The first international conference that I attended at Dec 2016. This is part of the work during my PhD at the University of Otago.
Title: Trajectory estimation from GPS data using an adaptive smoothing spline
Abstract: GPS units record time series data of a moving object. Connecting location points consequently, will represent the trajectory of an individual or a vehicle. However, sparse points and data errors will give a trajectory with angels, which are unlike for a moving object. Smoothing spline methods can efficiently build up a more smooth trajectory. In conventional smoothing spline, the objective function tries to minimize errors of locations with a penalty term, who has a single parameter that controls the smoothness of reconstruction. Adaptive smoothing spline extends single parameter to a function varying in different domains and adapting the change of roughness. In this talk, I will introduce a tractor spline that incorporates both location and velocity information but penalizes excessive accelerations. The penalty term is dependent on mechanic boom status. A new parameter, which controls the error of velocity, and adjusted penalty terms, which adapts to a more complicated curvature status, are introduced to the new objective function. We develop cross validation techniques to find the three smoothing parameters of interest.

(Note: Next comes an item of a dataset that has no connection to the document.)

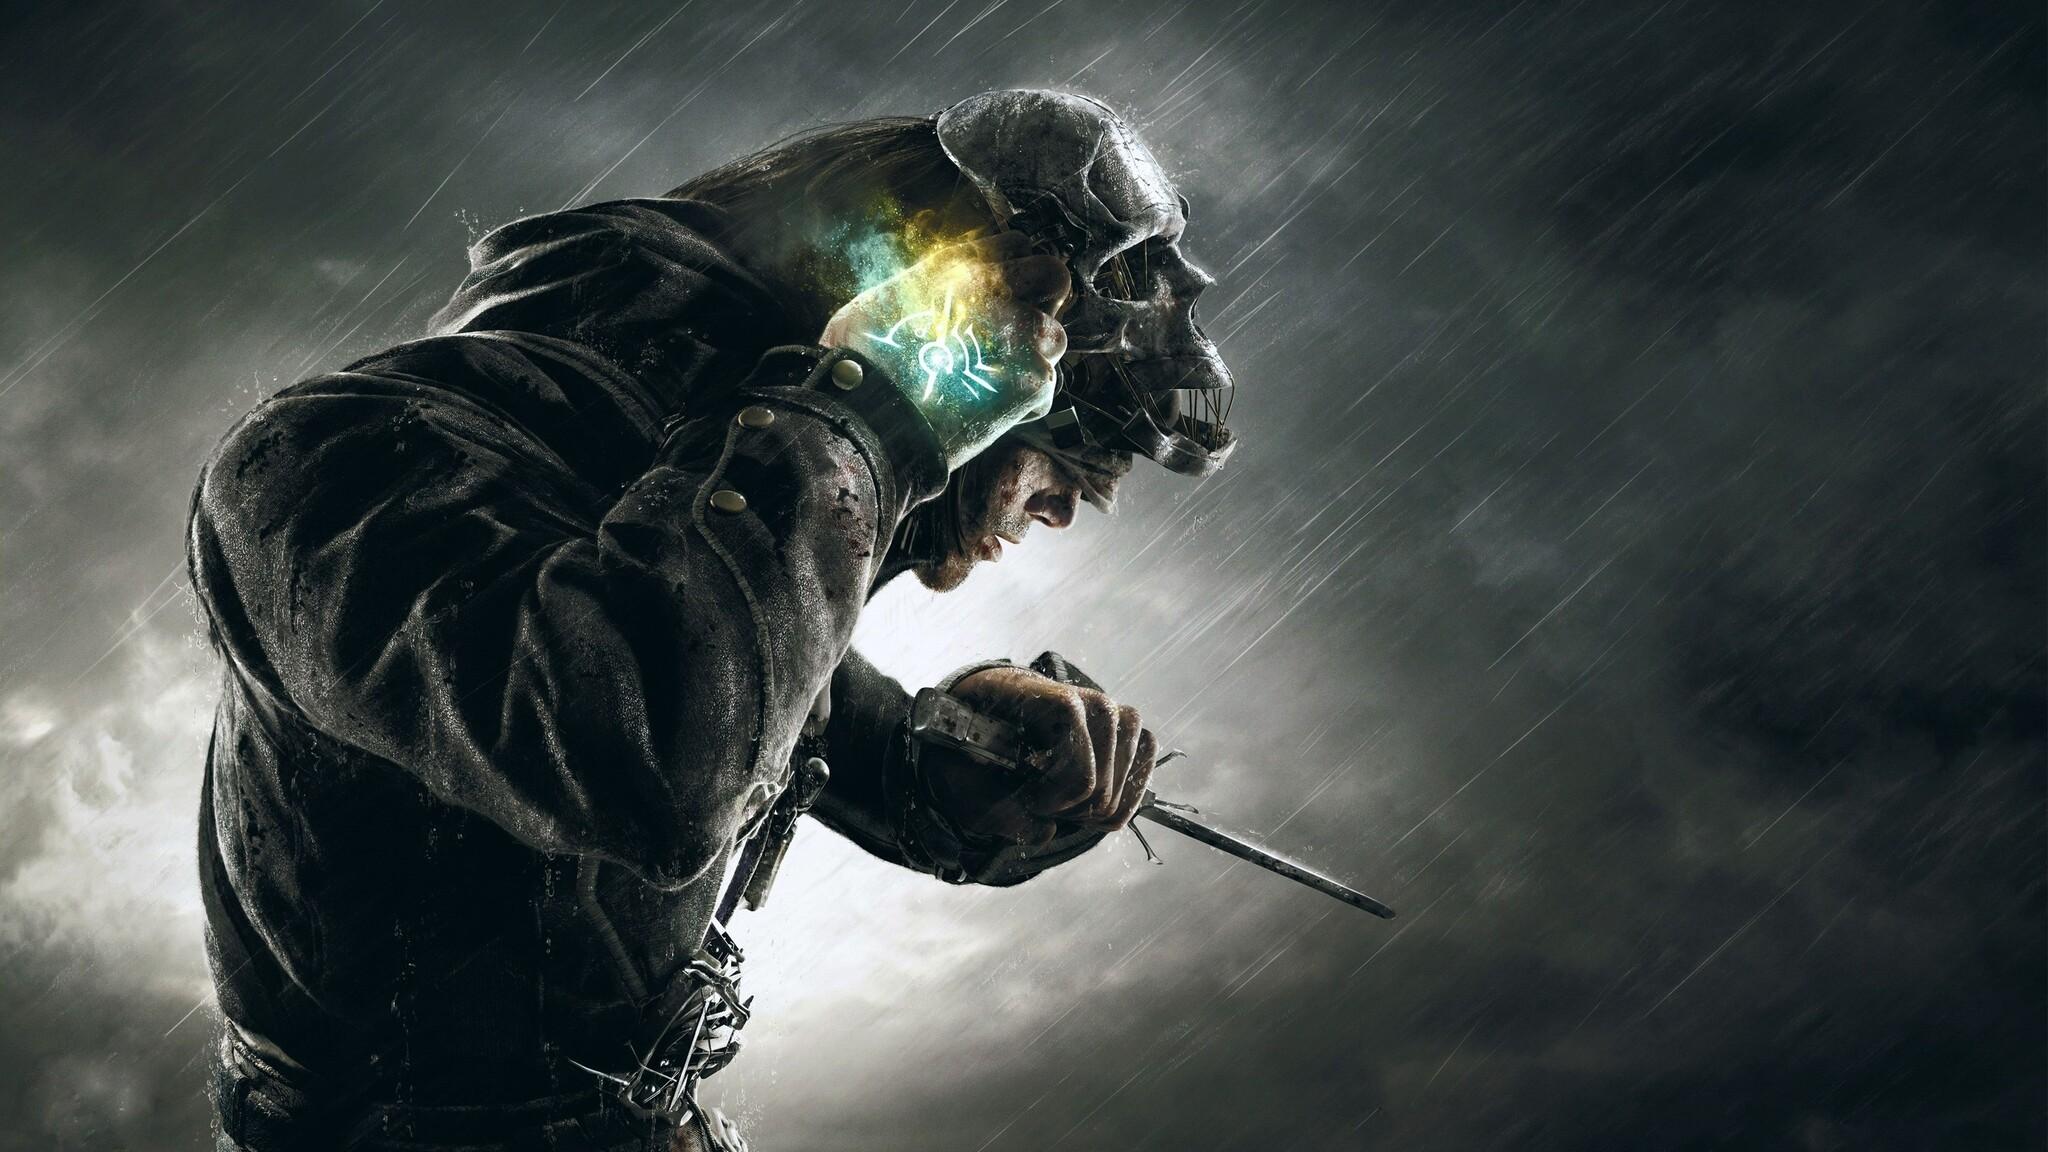 2048x1152 Dishonored Corvo Skull Mask 2048x1152 Resolution ...

Moreover, researchers found that a conventional smoothing spline can be constructed by Gaussian Process Regression, if it is equipped with an appropriate inner product in a Reproducing Kernel Hilbert Space. Similarly, we give an inner product to the “tractor spline” in a space and make it a RKHS, the function in which has piecewise continuous second derivatives. Then a posterior mean of the estimates can be found by GPR. At the end, simulation studies and a real data example are presented to demonstrate the effectiveness of “tractor spline”.